HomeLife StyleFor an Indiana Couple, This Schoolhouse Became Their Home

For an Indiana Couple, This Schoolhouse Became Their Home

This article is part of our Design special section on retrofits.


As children growing up in Franklin, Ind., Stacie Grissom and Sean Wilson remembered passing the old Union Joint schoolhouse on their way to cross-country meets. “It’s this very weird building and it just pops up as you’re driving by,” said Grissom, a freelance marketing consultant, about the crenelated brick pile that emerged from the cornfields.

Former elementary school friends, Grissom, now 37, and Wilson, who is now a 36-year-old orthopedic surgeon, began dating in high school and later married. But the memory was still active in 2021, when the couple were living in New York City and had recently had their first child. Spurred by the pandemic to return to Franklin and fearless about renovating, Grissom began searching for a historic home that needed improvements.

Just then, the 9,000-square foot schoolhouse, which dated to 1914, went on the market. Grissom sent her parents to check it out, and the couple followed the tour on FaceTime, noting extensive water damage and the need for many improvements. They bought the building sight unseen for $175,000 anyway.

“It had a bit of a colorful life,” Grissom said, and that life had taken its toll. The school, which served first through eighth graders across four classrooms, had been closed since the 1930s, and the building was taken over by a farmer who used it to house turkeys and store apples.
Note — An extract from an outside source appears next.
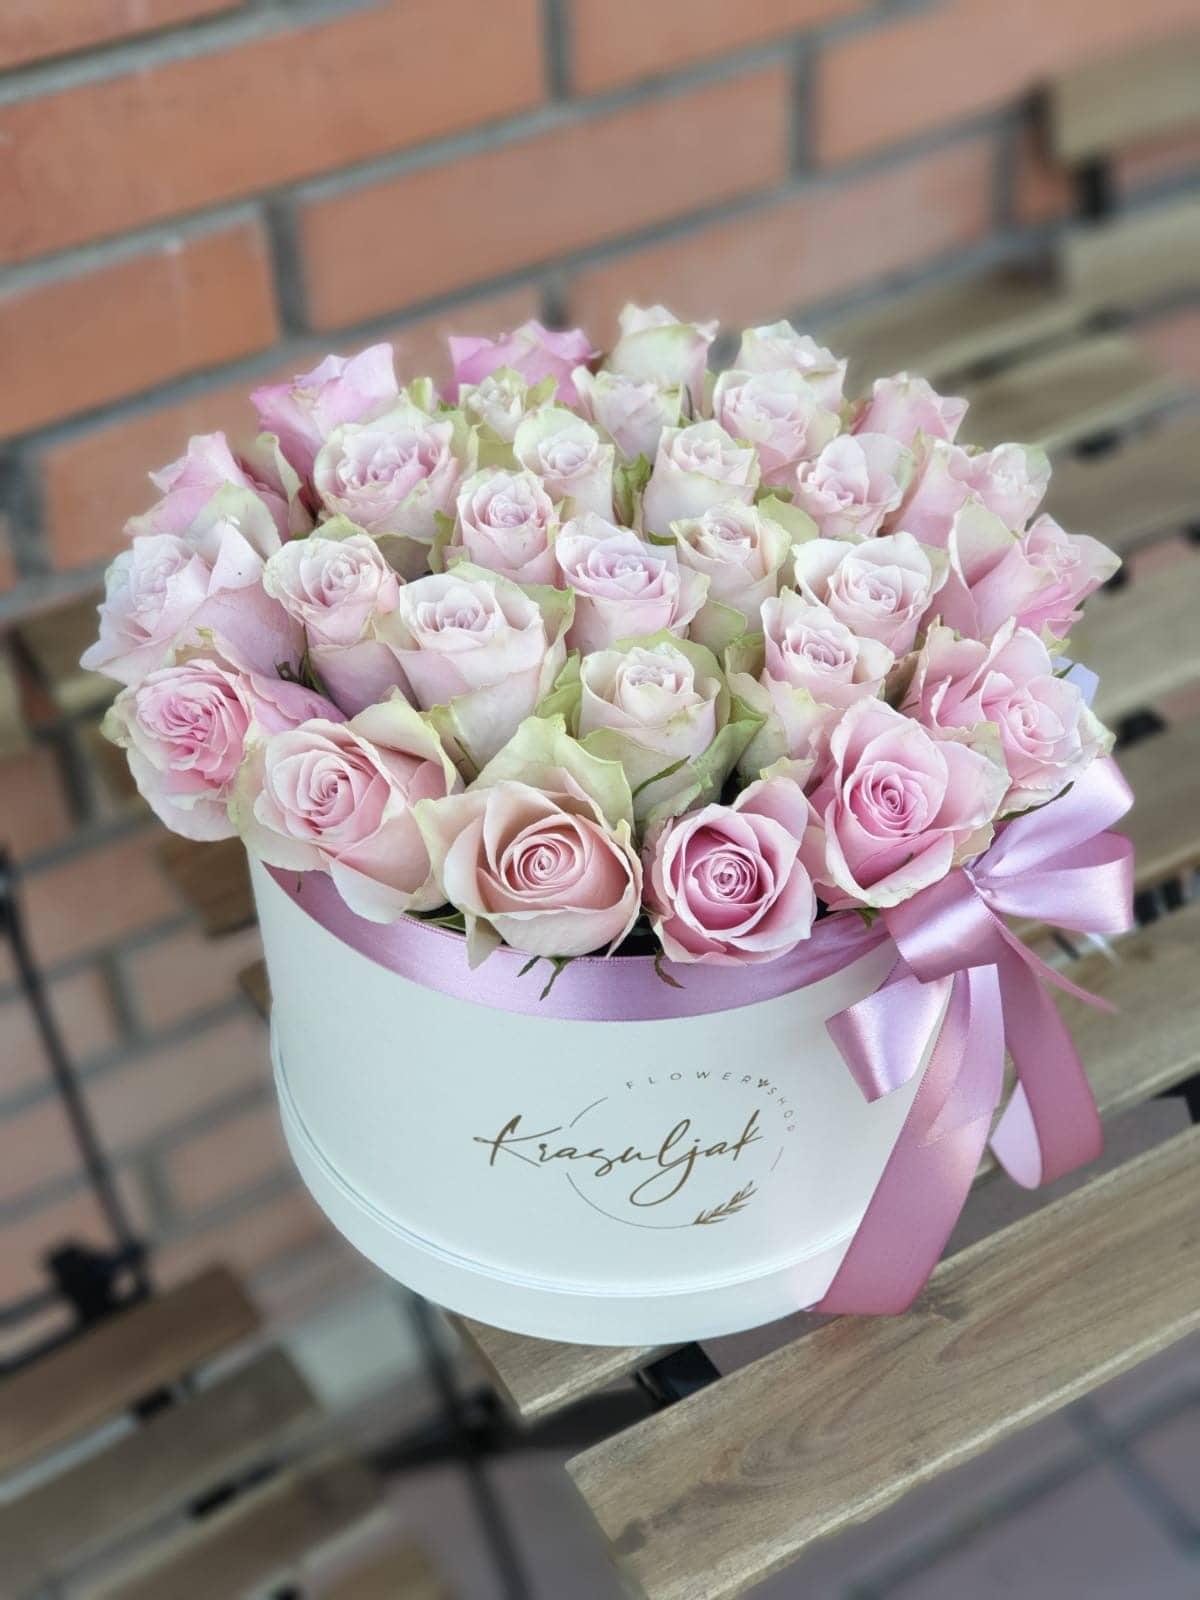 Bela kutija sa ruzama nezno roze boje

In the 1950s, a former student and her husband bought the property and divided it into two apartments. The couple’s daughter was still living in one of those apartments when Grissom and Wilson came on the scene. Their renovation involved turning the building into a single-family home with four bedrooms and two and a half bathrooms.

“We knew we were choosing one of the hardest paths that you could choose to a house, but we were also kind of daydream-y,” Grissom said. She has chronicled the strenuous process of fixing the building up on Instagram, at Schoolhouse Homestead.

Over the next three years, the couple gutted and rebuilt the interior within the existing brick structure as they moved from Manhattan to Philadelphia, while Wilson finished his residency, to the homes of both sets of parents in Franklin. Supply-chain hiccups delayed the replacement of the roof by six months. After two failed attempts to install new windows, the contractor disappeared. “We were living with our parents and imposing toddlers on them every morning,” Grissom said (they currently have three children, ranging from 5 years to 4 months). The family finally moved into their new home in September 2024.

In designing the interior, the couple wanted to honor the building’s past as both a school and a barn. They tried to salvage the original floors, doors and trim, though the barn phase did not make that easy. The worker refinishing the living room’s floorboards asked Grissom if a previous owner kept cats. “No, it was turkeys,” she said.

Yet they are not bitter about what the poultry did. Grissom’s painting of a turkey hangs on an exposed brick wall in the room where the creatures wandered.

Elsewhere, plaster fragments (now displayed in a shadow box) hinted at original paint colors and served as the inspiration for custom colors — a deeply saturated green in the foyer, powder blue in a bedroom that was once a classroom.

Creating a sense of whimsy was important. “The building deserves it because it was built around kids,” Grissom said. She set the school’s name in a mosaic on the foyer’s floor and hung vintage posters teaching anatomy and botany. The kitchen dining table came from a library, as did a card catalog cabinet now used for storage.

There are chalkboards, too, of course, in the foyer and kitchen. In the basement rec room, swings dangle from the ceiling and an area is consecrated to roller skating.

And the work continues. The couple plan to build a library with salvaged wood, install a guest apartment in the basement and add more living room storage.

Their three acres called for improvements, as well. “Mostly we’ve been doing things in the yard to make it fun for the kids,” Grissom said. They built a playground, strung a zip line in the trees and added a tiny gnome village. An orchard of persimmon and pawpaw trees is emerging, and milkweed will be planted to attract monarch butterflies, with the flowers to be used for syrup.

The labor has been satisfying on a number of levels, Grissom said. If she and Wilson hadn’t bought the schoolhouse, it might have been torn down and its substantial remains carted to a landfill. As a friend once told her, the greenest building is the one that already exists.

“I think adaptive reuse is important in that way,” she said. “But also I think the world needs a little bit more whimsy and quirk.”